Opposing effects on immune function and skin barrier regulation by the proteasome inhibitor bortezomib in an allergen‐induced eczema model

Proteasome inhibition (PI) has been reported to interfere with antibody‐driven autoimmune diseases. The impact of PI on the allergic immune response and on skin diseases like atopic dermatitis (AD) has not been thoroughly explored, however. Here, we examined whether the PI bortezomib interferes with the allergic immune response and the severity of AD by using an established mouse model of allergen‐driven dermatitis, to which bortezomib was applied after the establishment of systemic sensitization to ovalbumin. The treatment indeed resulted in a remarkable decrease in total and allergen‐specific plasma cells/antibody‐secreting cells, as evidenced by flow cytometry and ELISpot, respectively. This was accompanied by rapid reductions in serum antibody titres, including a prominent reduction of the IgE isotype. CD4+ and CD8+ cells were greatly diminished in lesional skin on immunohistological staining. The impressive effects at the level of immune modulation did not result in any improvement in the eczema, however.
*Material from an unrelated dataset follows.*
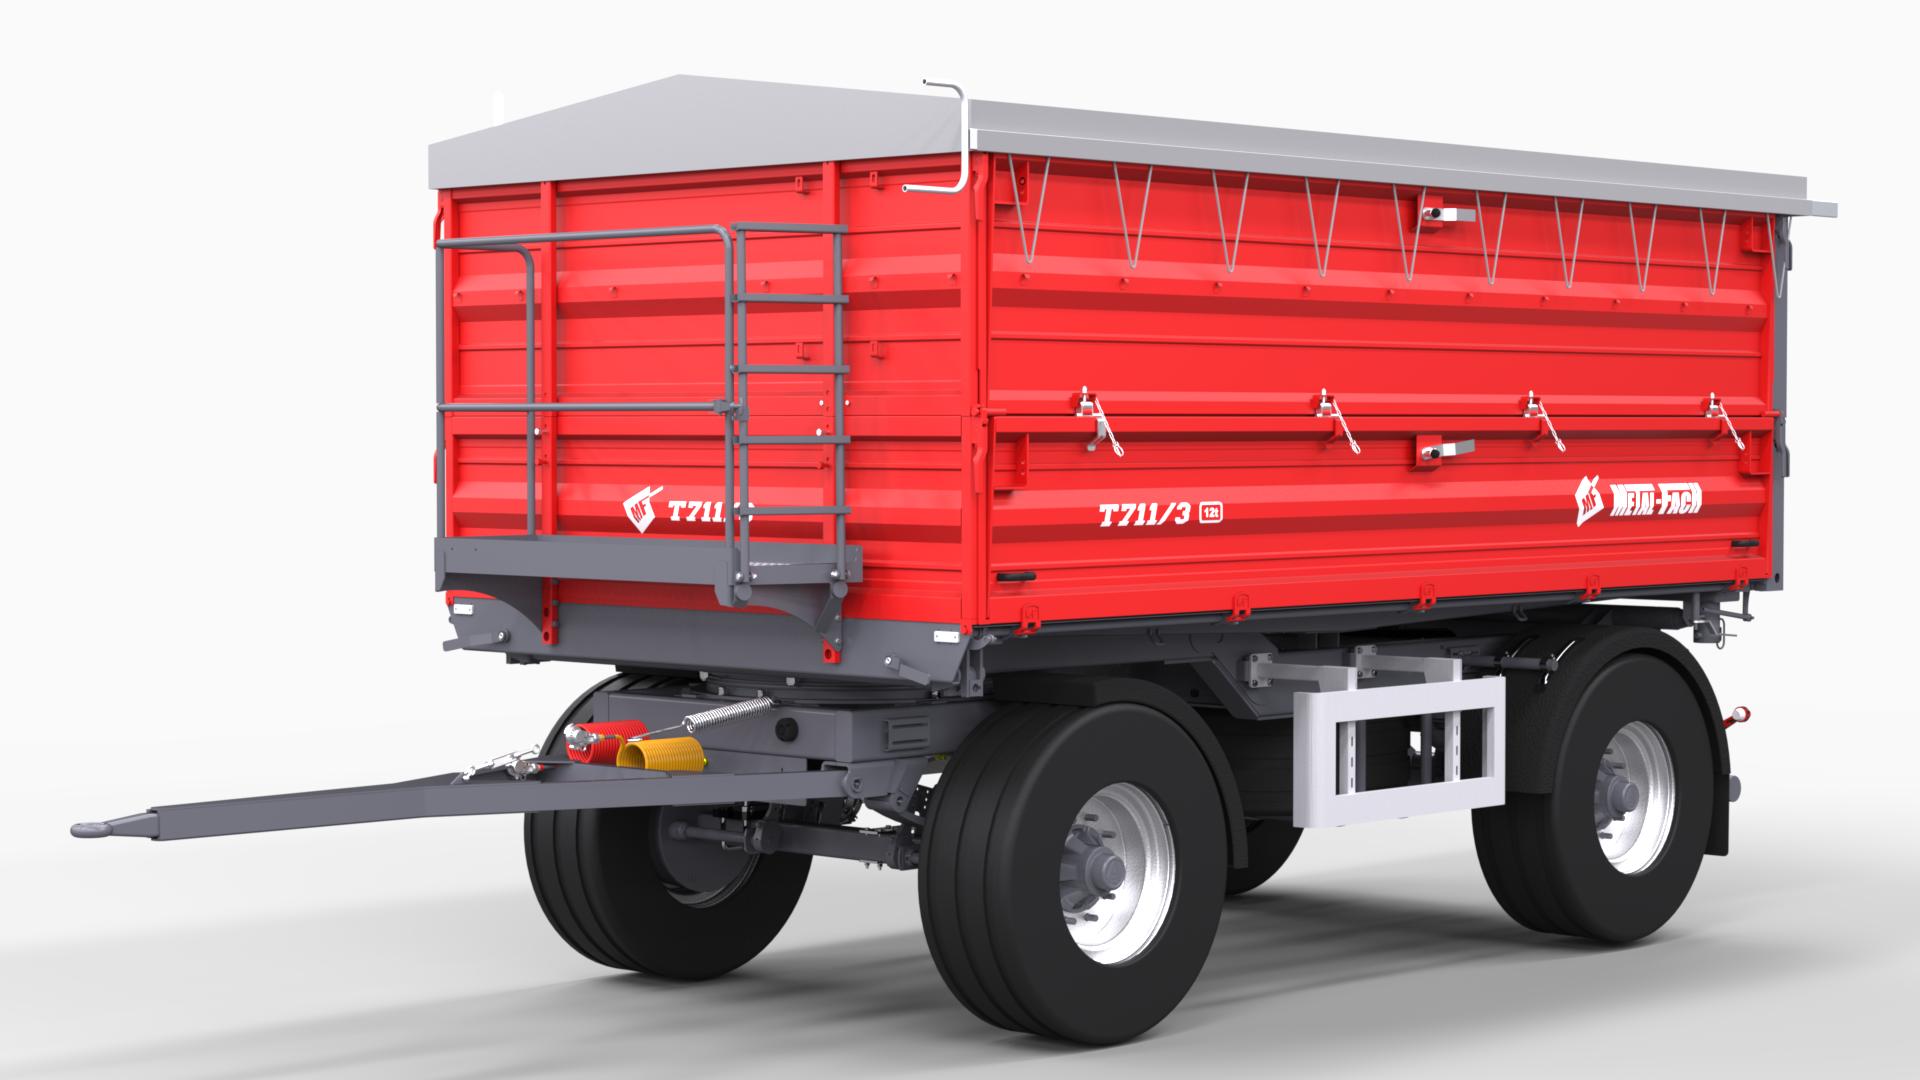 Remorque-agricole-à-deux-essieux-T711-3

Following up on this unexpected result, we found that the skin itself was susceptible to bortezomib, by which it was instructed to lower the expression of critical skin barrier genes, especially transglutaminase‐1 and filaggrin. Together, bortezomib eliminates plasma cells and decreases immunoglobulin responses, including allergenic IgE. Although anti‐inflammatory effects are detectable in the skin, counter‐regulatory effects from PI on resident skin cells likely undermine improvement in the eczema. These results caution against the therapeutic use of bortezomib for inflammatory skin disorders, which are characterized by inherently impaired barrier function, especially AD.